WHAT TO DO: Exclude the images, then return every line below exactly as written.

INFORMATION SHOWN:
▬▬▬▬▬▬▬▬▬▬

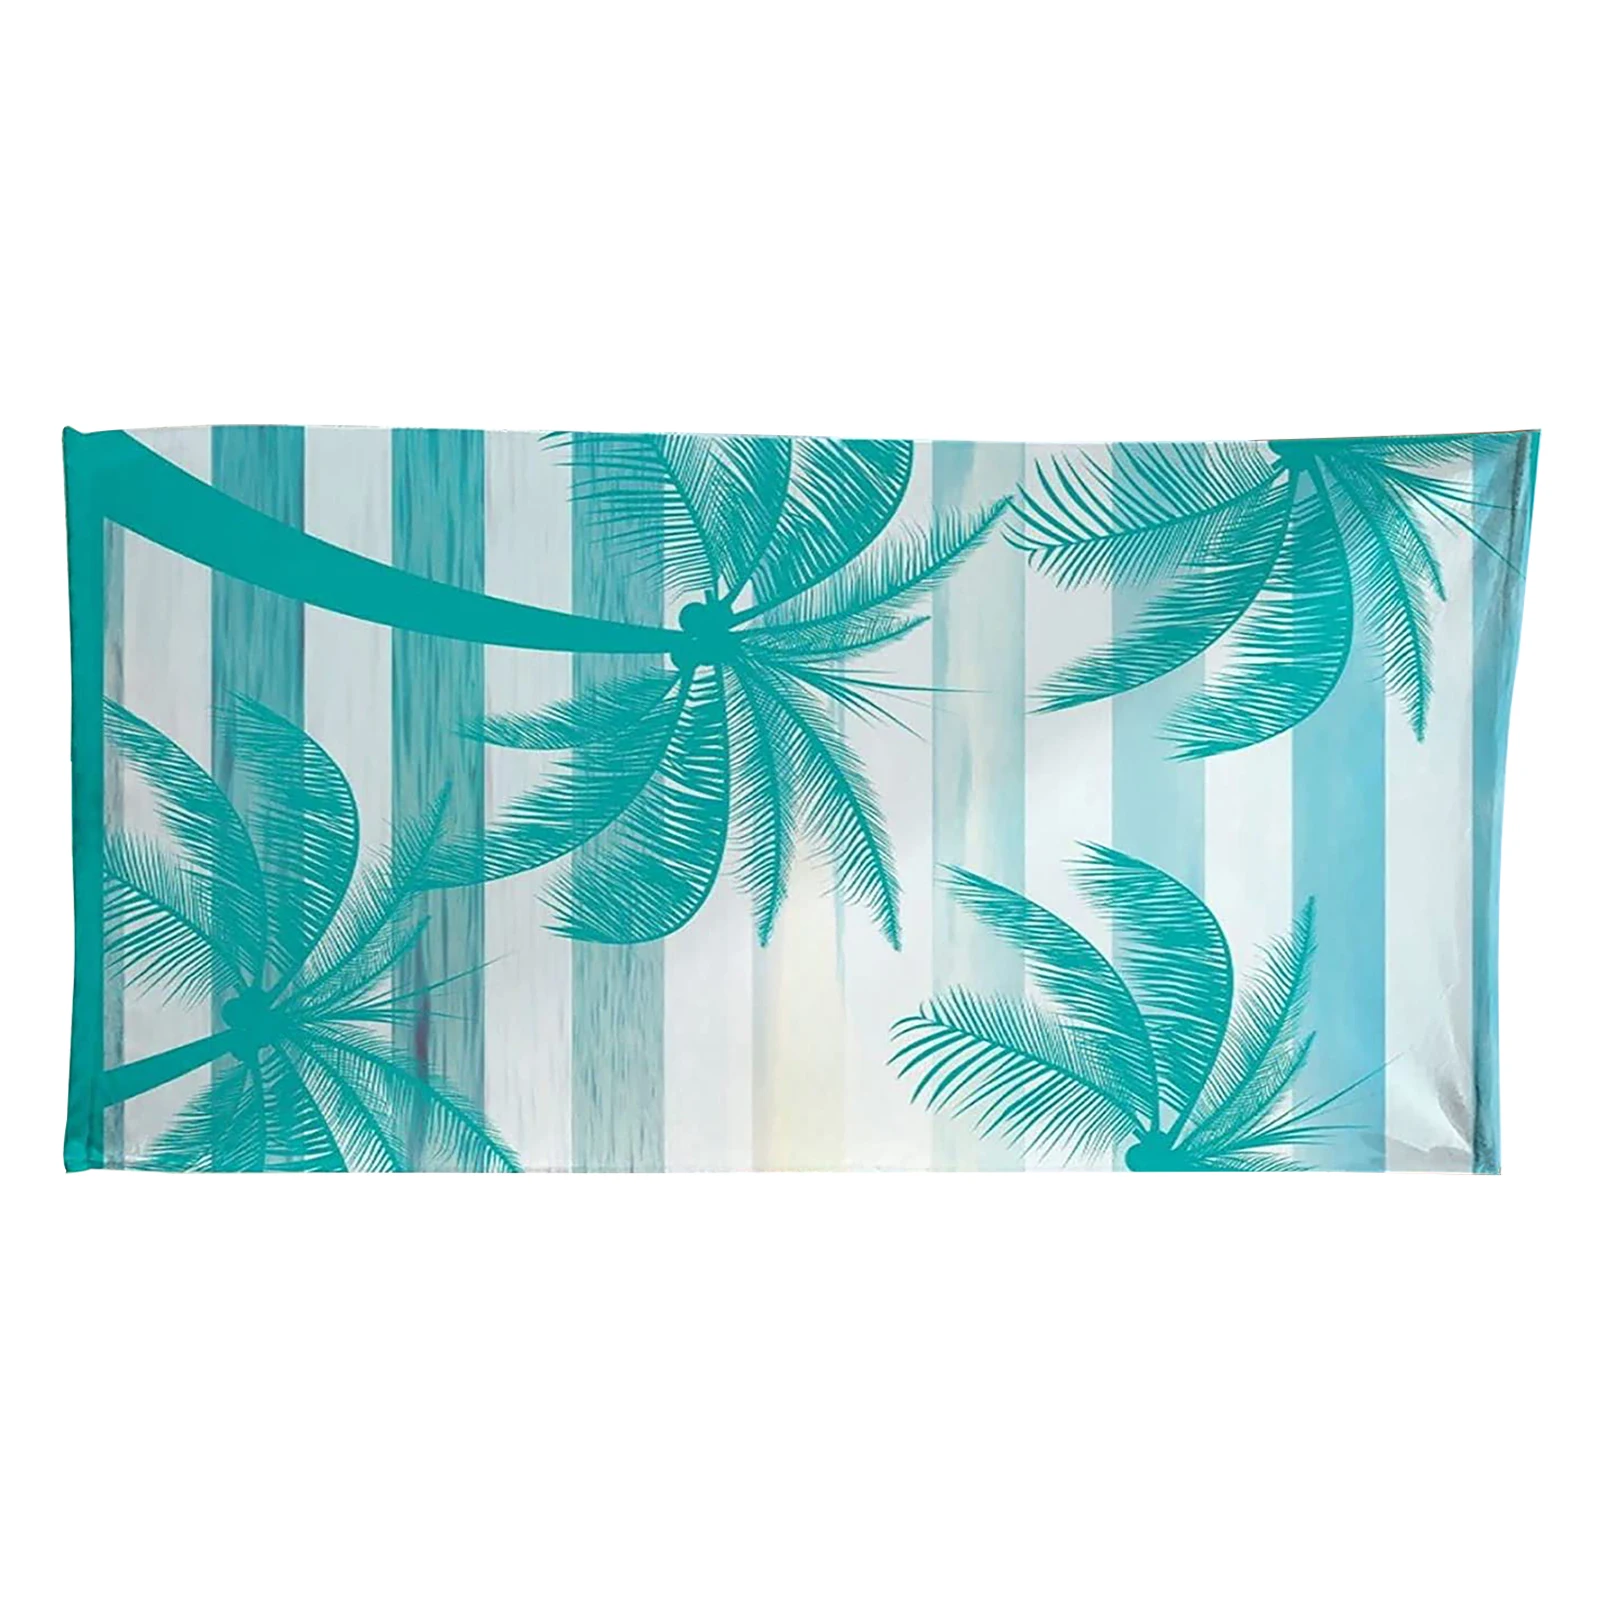 

160x80cm Fashion Swimming Lightweight Beach Towel Bath Travel Large Microfibre Compact Floral Print Soft Super Absorbent Sports
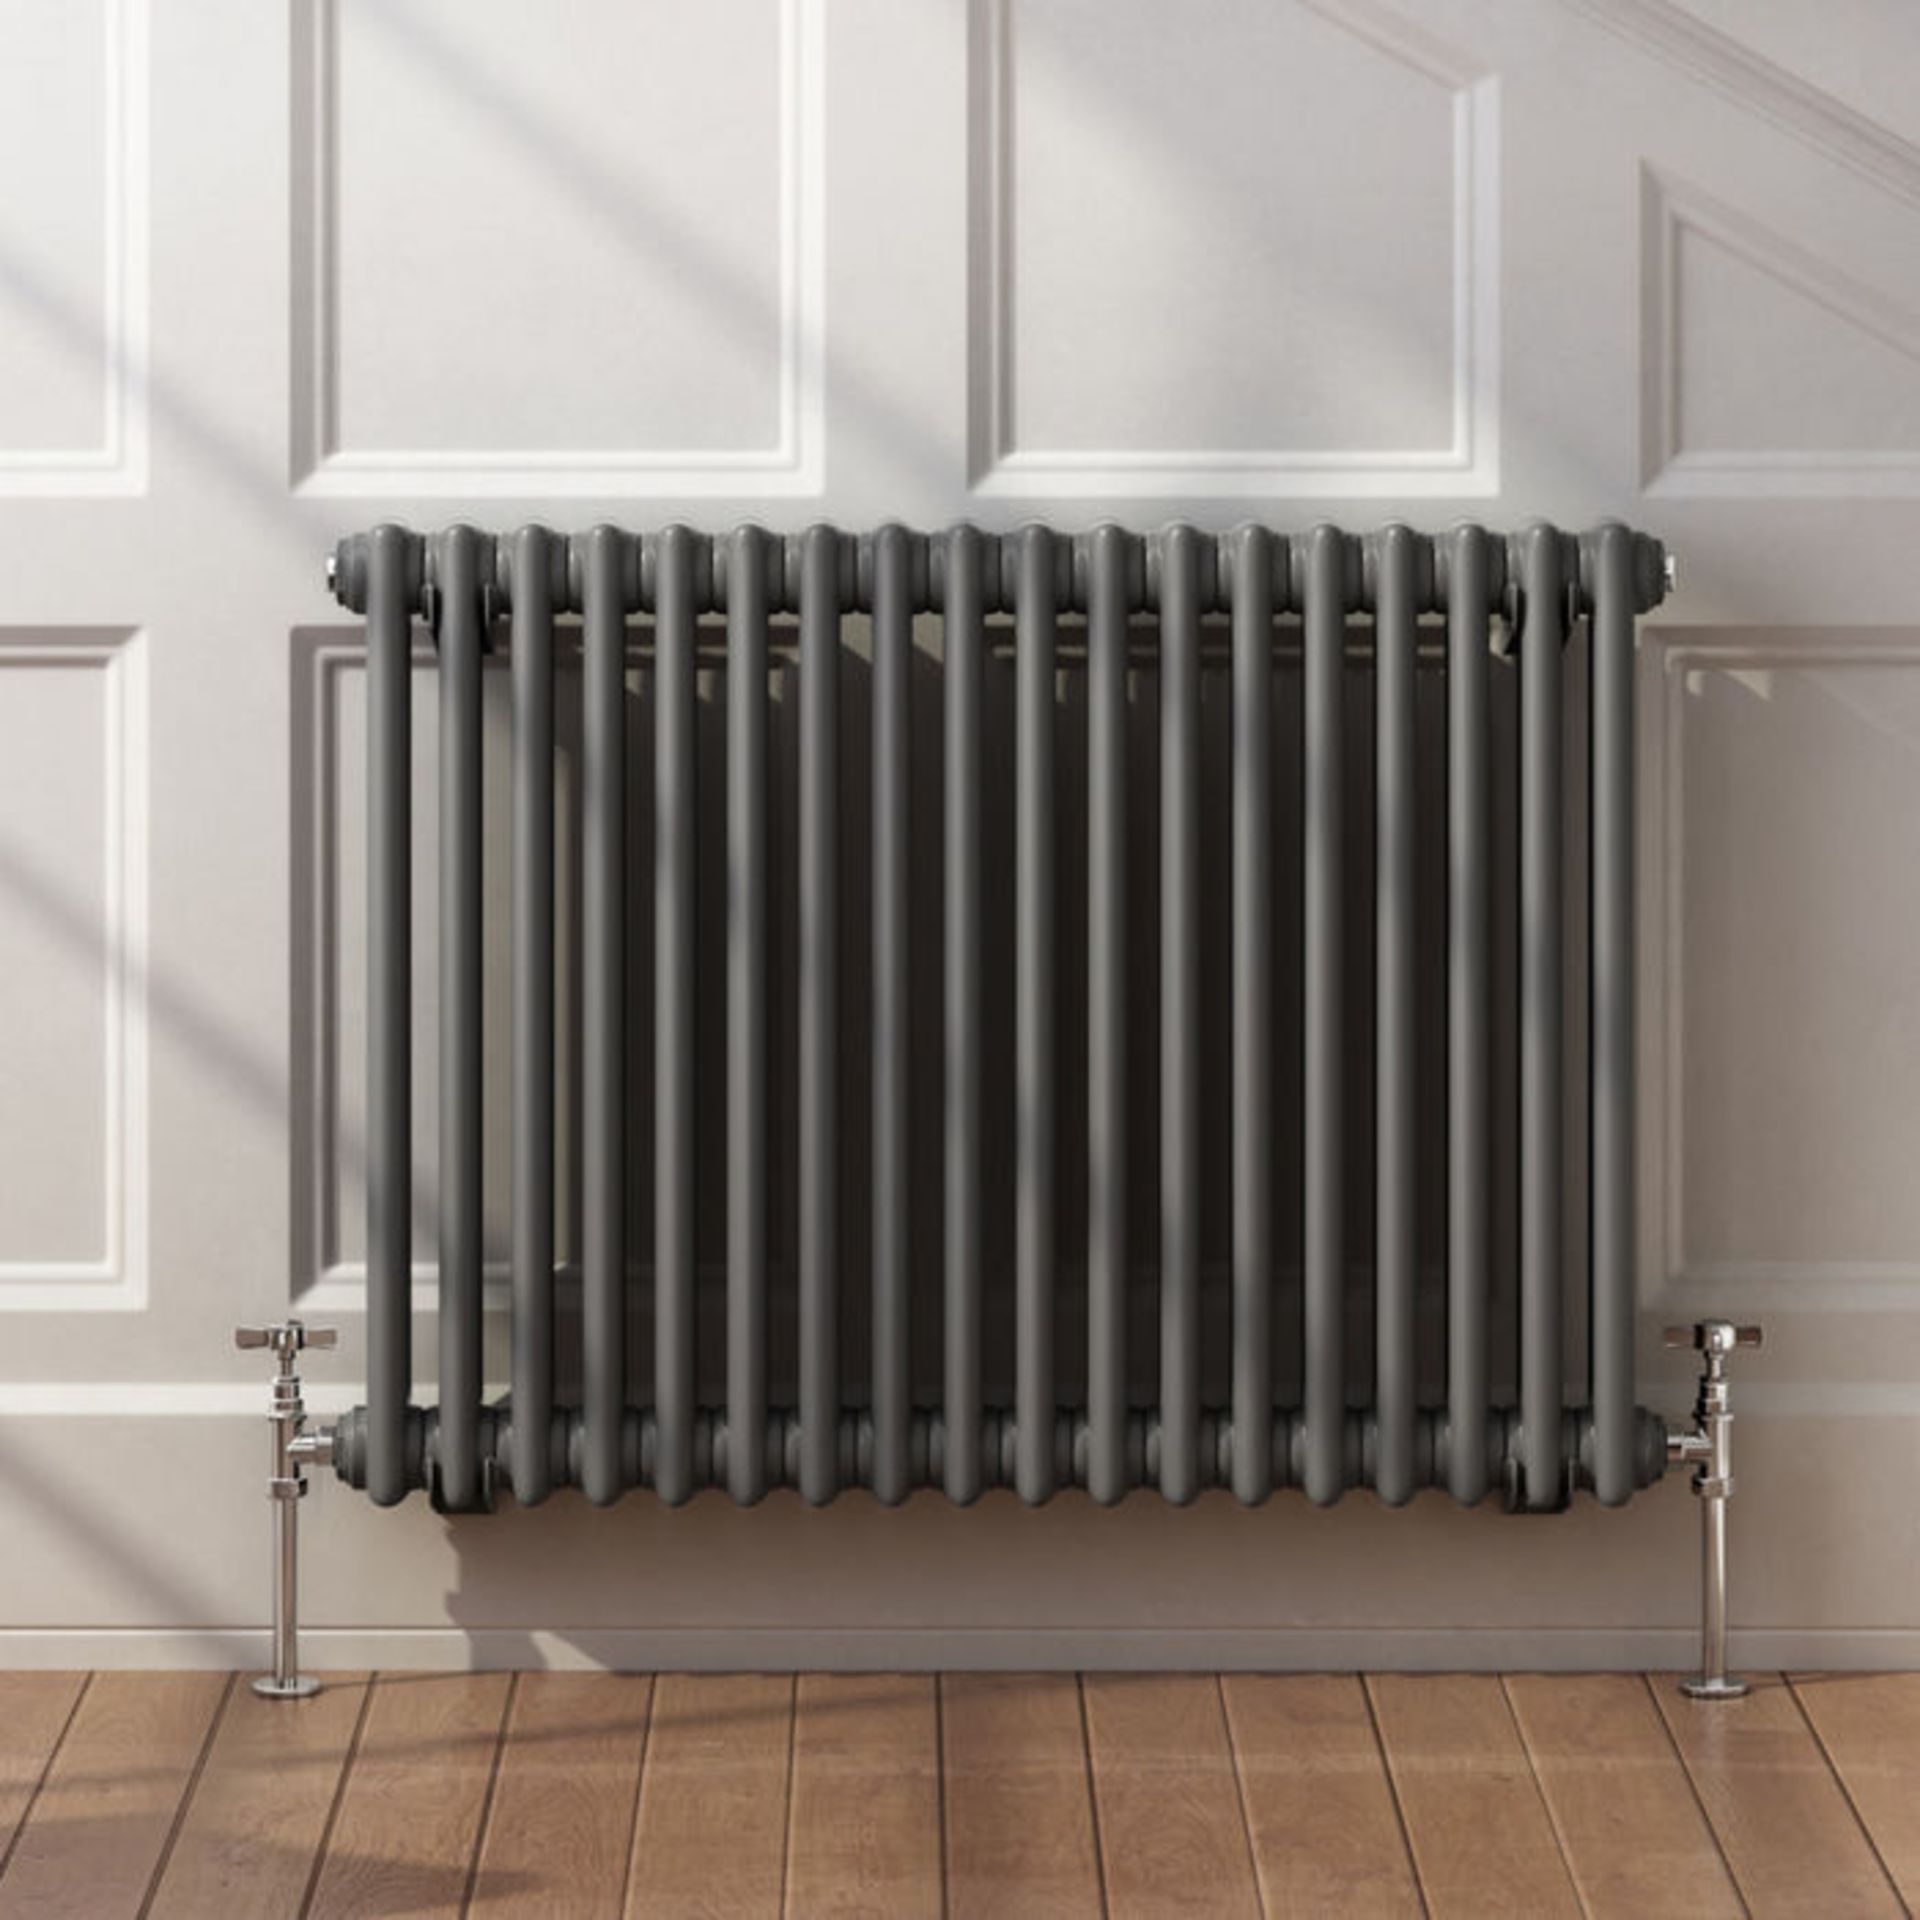 (L36) 600x828mm Anthracite Double Panel Horizontal Colosseum Traditional Radiator. RRP £447.99. - Image 3 of 3
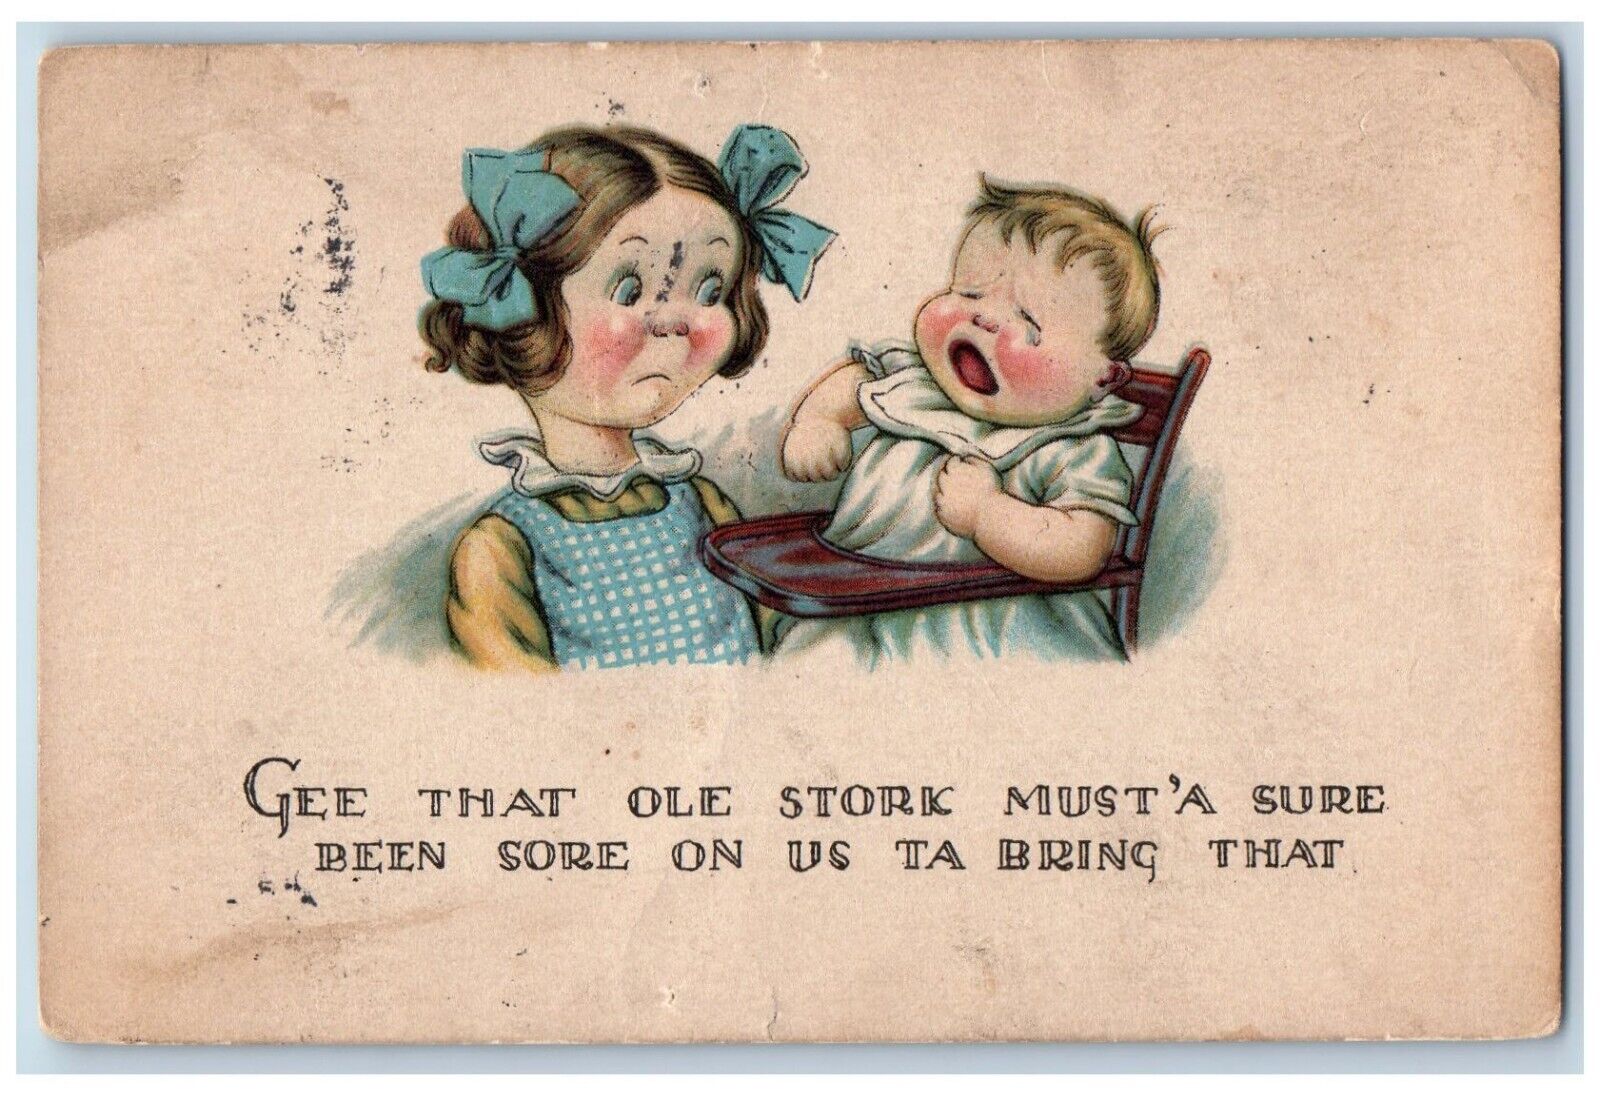 Chicago Oak Park Illinois IL Postcard Crying Baby Stroller 1924 Posted Vintage
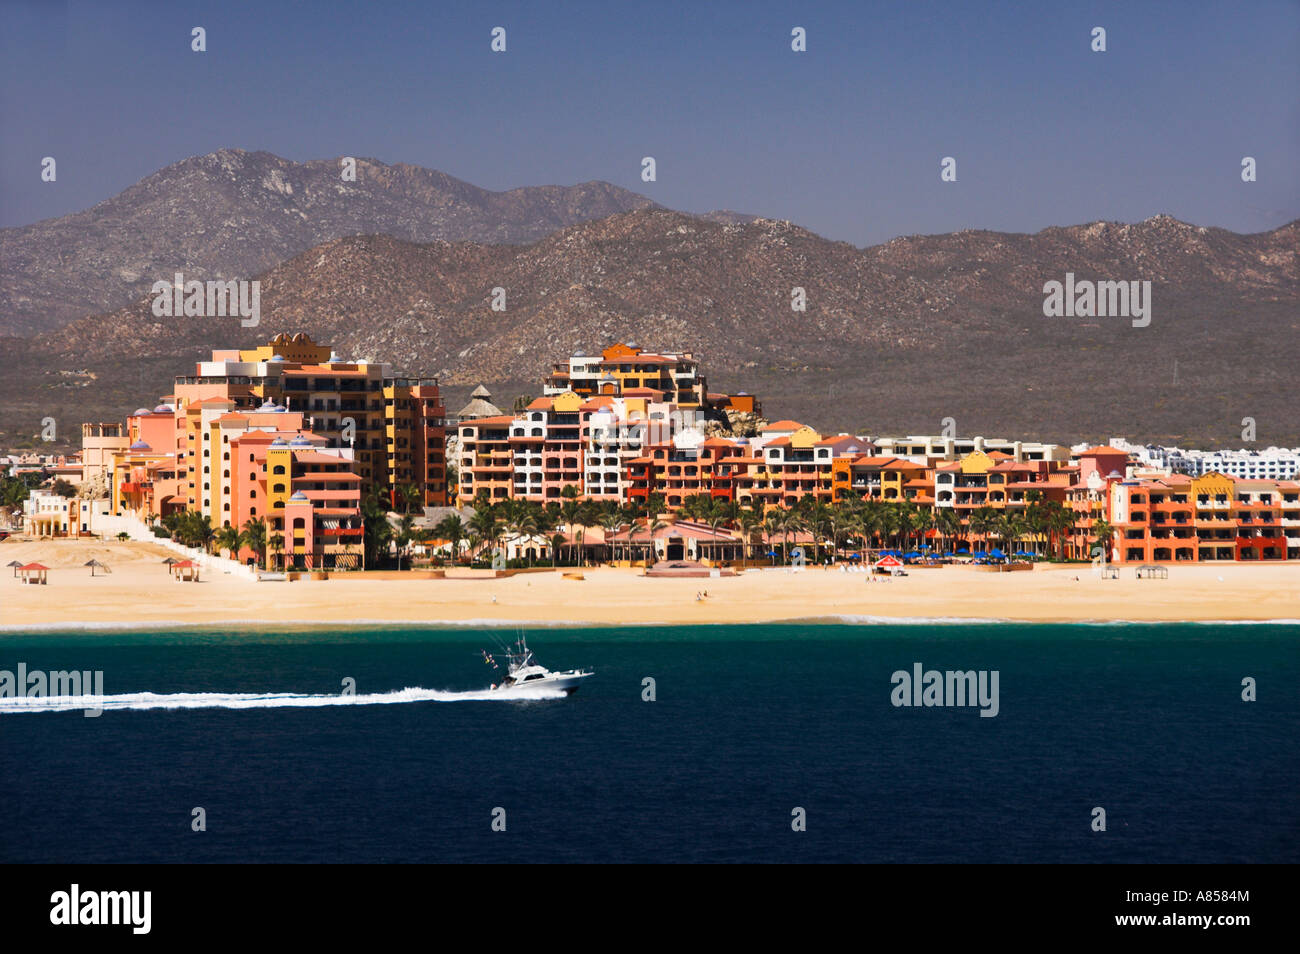 Housing complexes and condominiums at the resort of Cabo San Lucas Mexico Stock Photo

▬▬▬▬▬▬▬▬▬▬

COMPLETED TASK:
160x80cm Fashion Swimming Lightweight Beach Towel Bath Travel Large Microfibre Compact Floral Print Soft Super Absorbent Sports
 (L36) 600x828mm Anthracite Double Panel Horizontal Colosseum Traditional Radiator. RRP £447.99. - Image 3 of 3
 Chicago Oak Park Illinois IL Postcard Crying Baby Stroller 1924 Posted Vintage
 Housing complexes and condominiums at the resort of Cabo San Lucas Mexico Stock Photo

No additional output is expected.